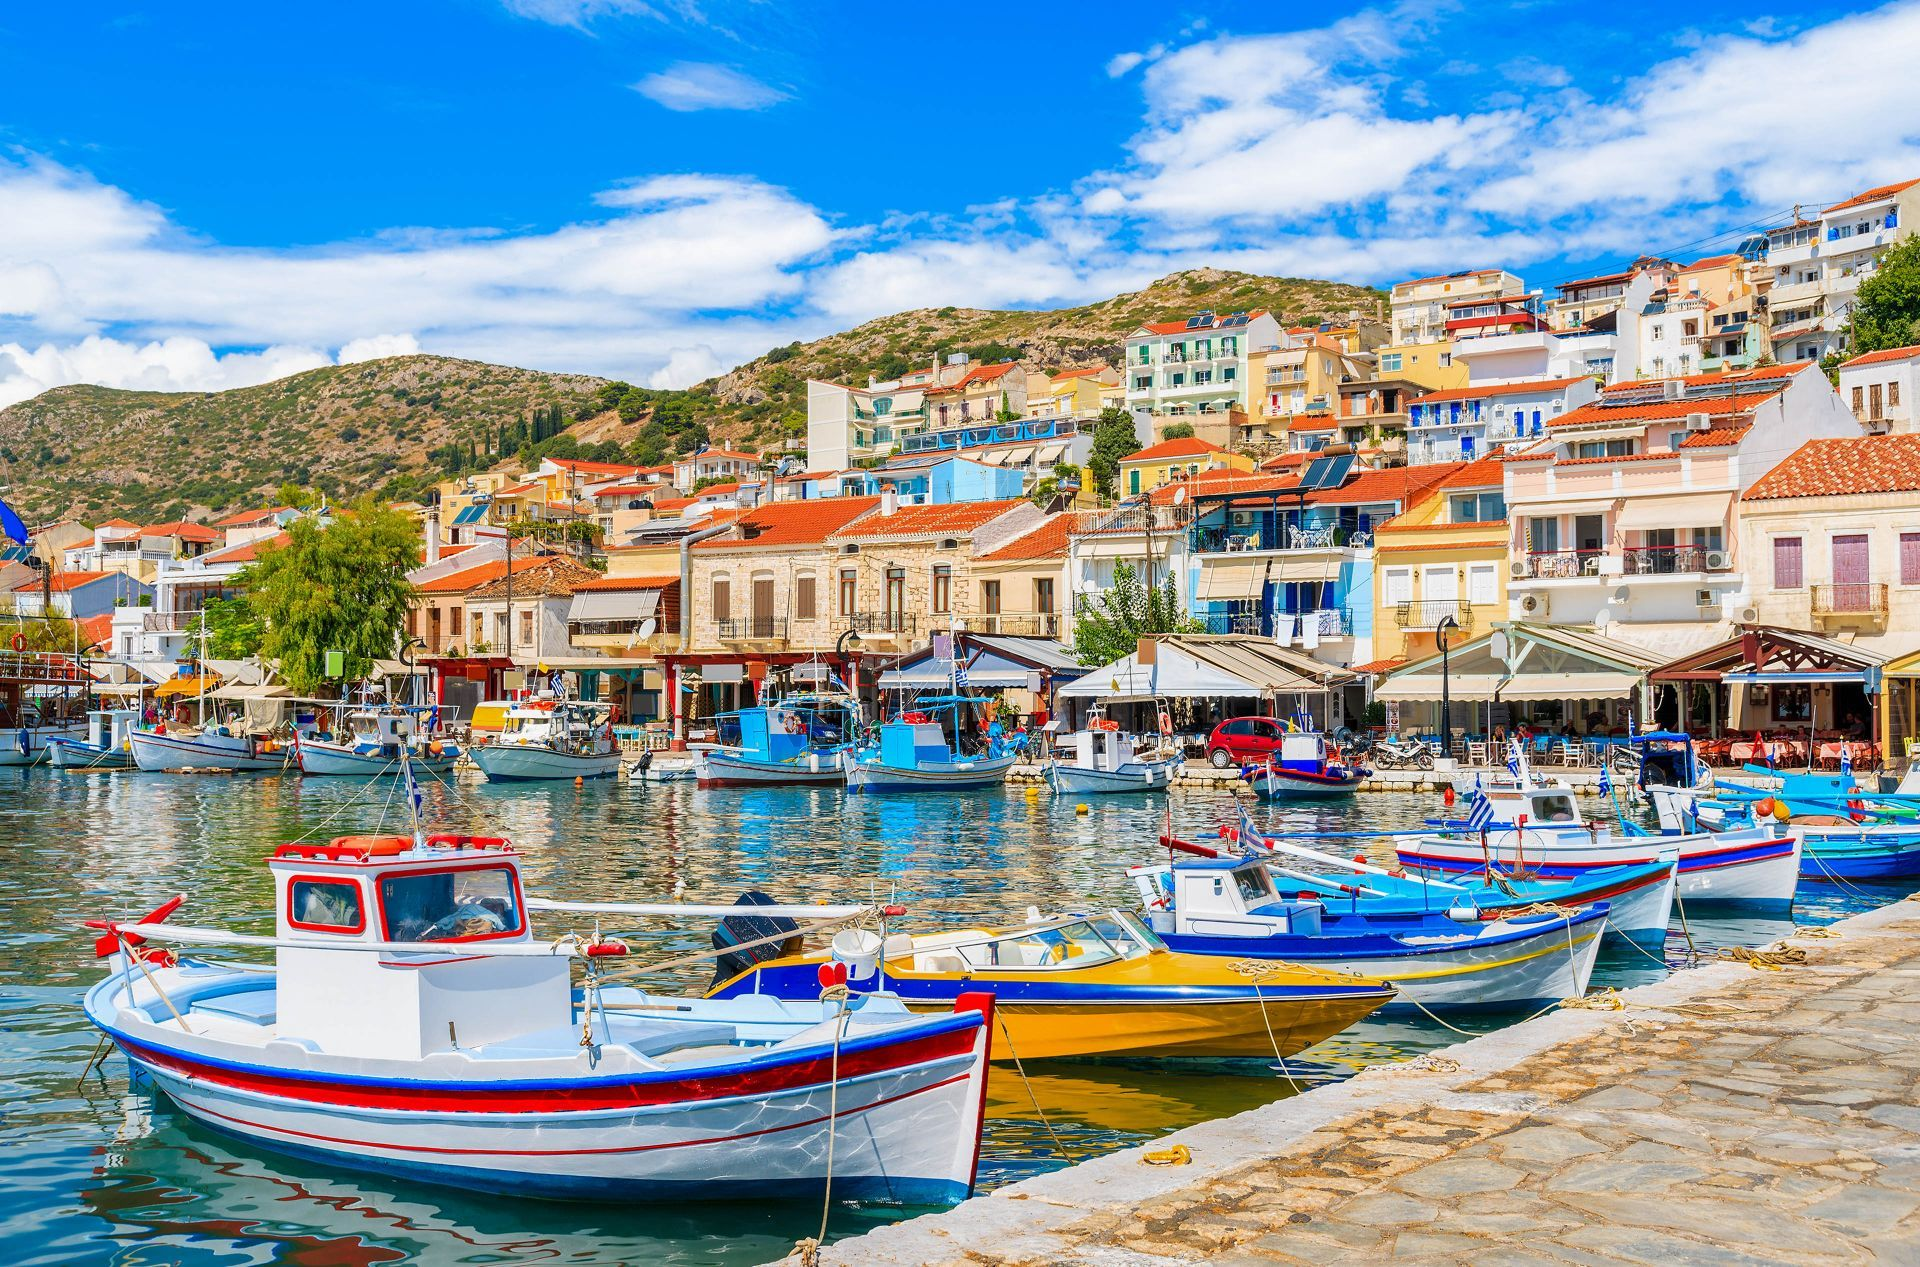 Eastern Aegean islands: Pythagorion in Samos
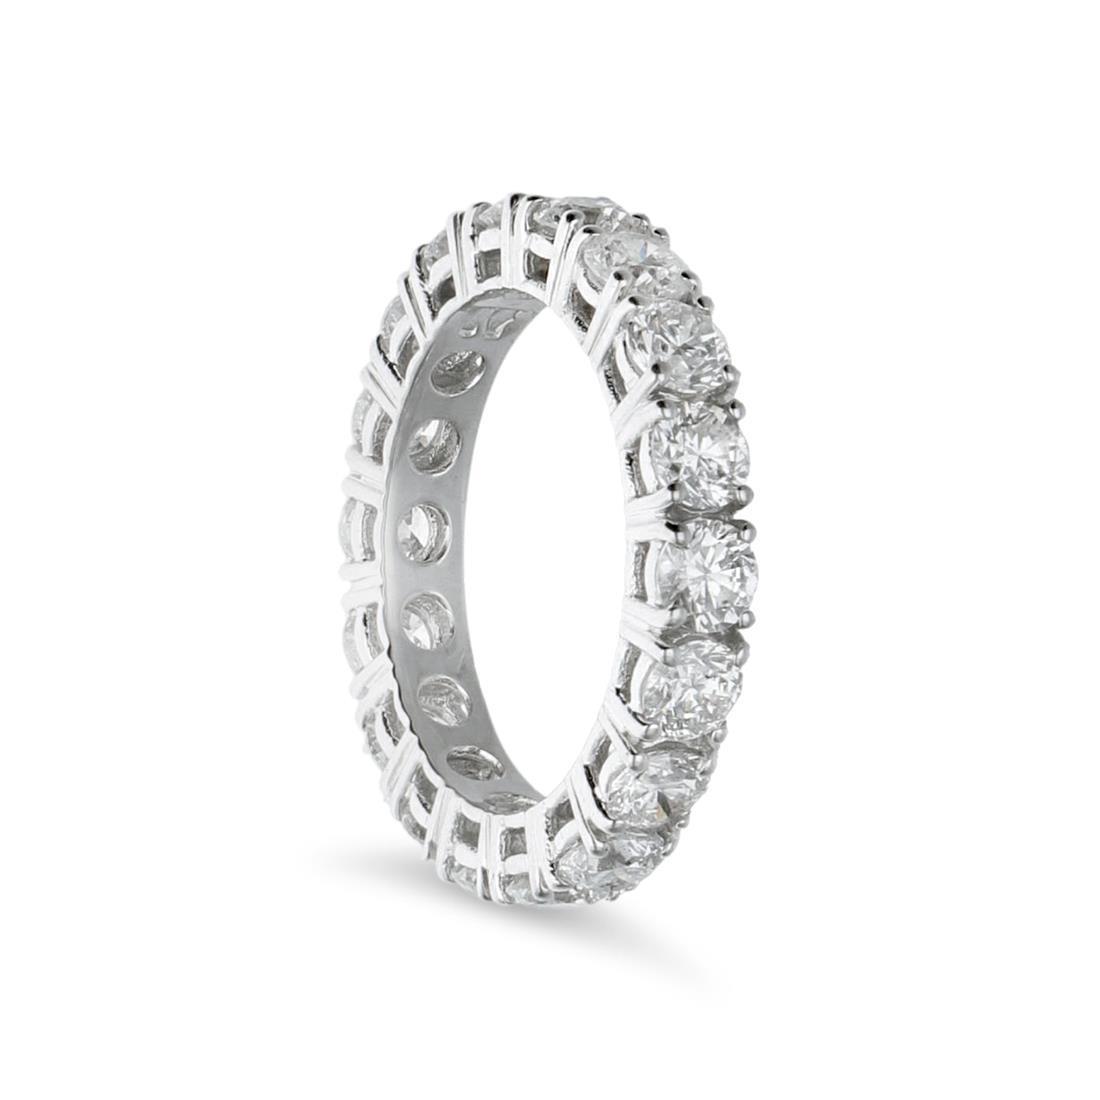 Eternity ring with diamonds - ALFIERI & ST. JOHN
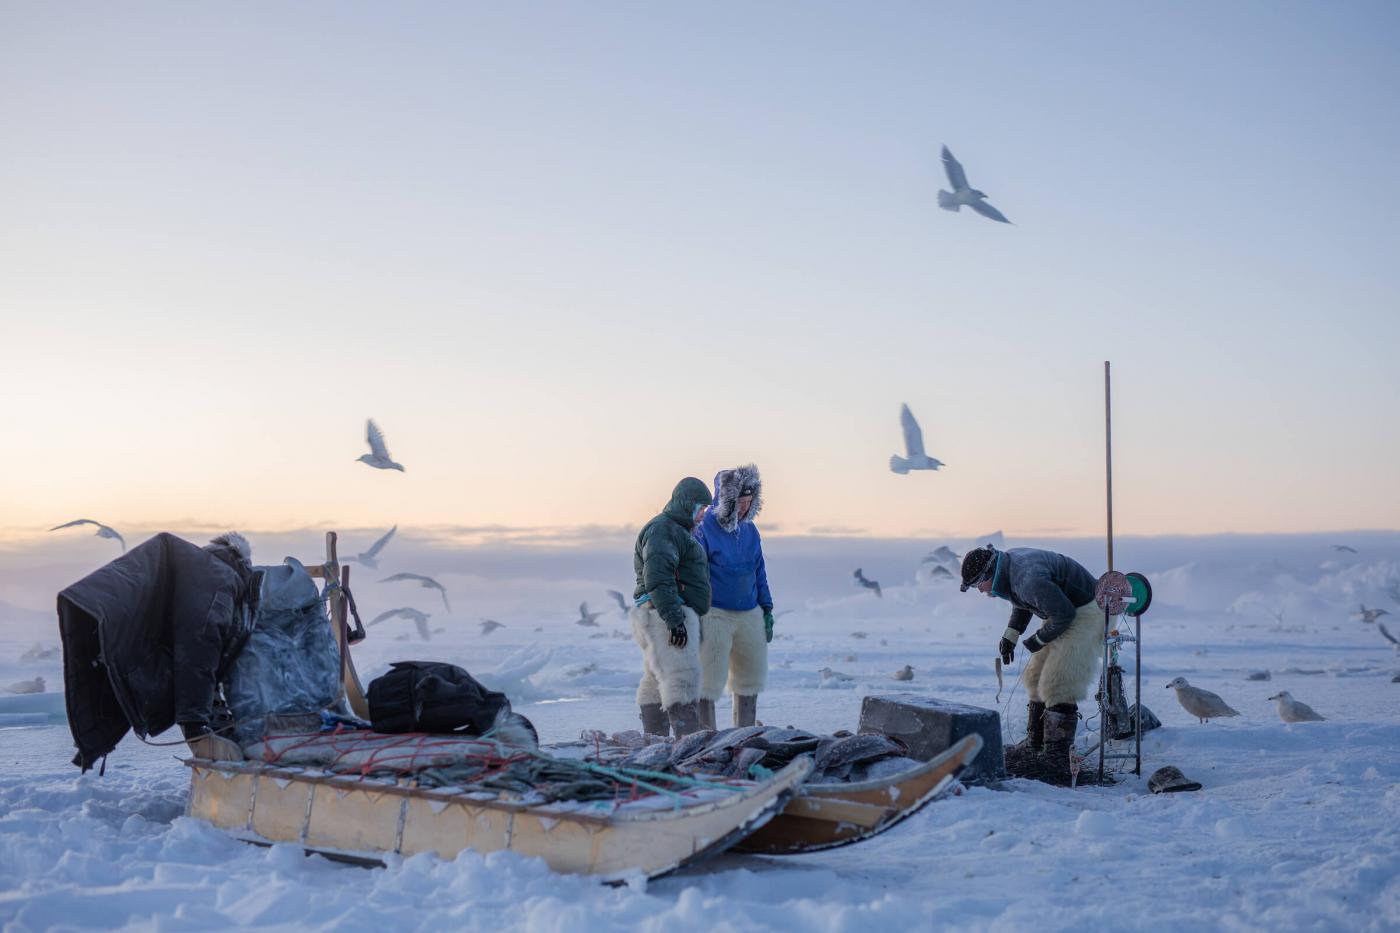 Fishing spot in Ilulissat icefjord. Photo - Aningaaq R. Carlsen, Visit Greenland
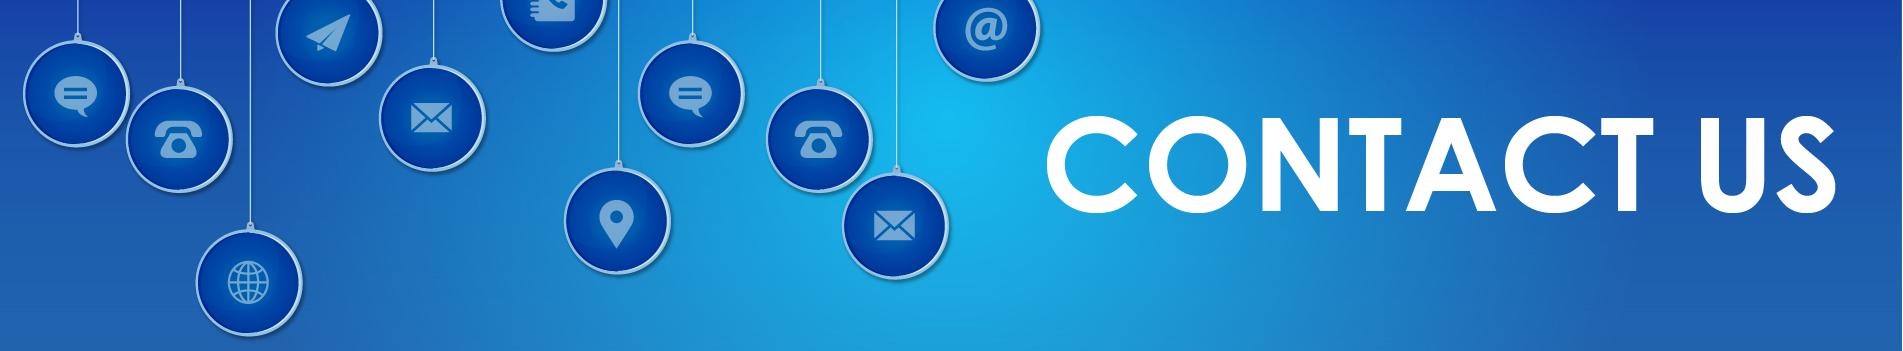 Contact for Website Design, Web Development, Graphic Design, Printing, SEO service, Marketing

ACTIVITY
All of the listing above must be output exactly, except for its pictures.

ANSWER TO THIS PROBLEM
 Eastern Aegean islands: Pythagorion in Samos
 Eternity ring with diamonds - ALFIERI & ST. JOHN
 Fishing spot in Ilulissat icefjord. Photo - Aningaaq R. Carlsen, Visit Greenland
 Contact for Website Design, Web Development, Graphic Design, Printing, SEO service, Marketing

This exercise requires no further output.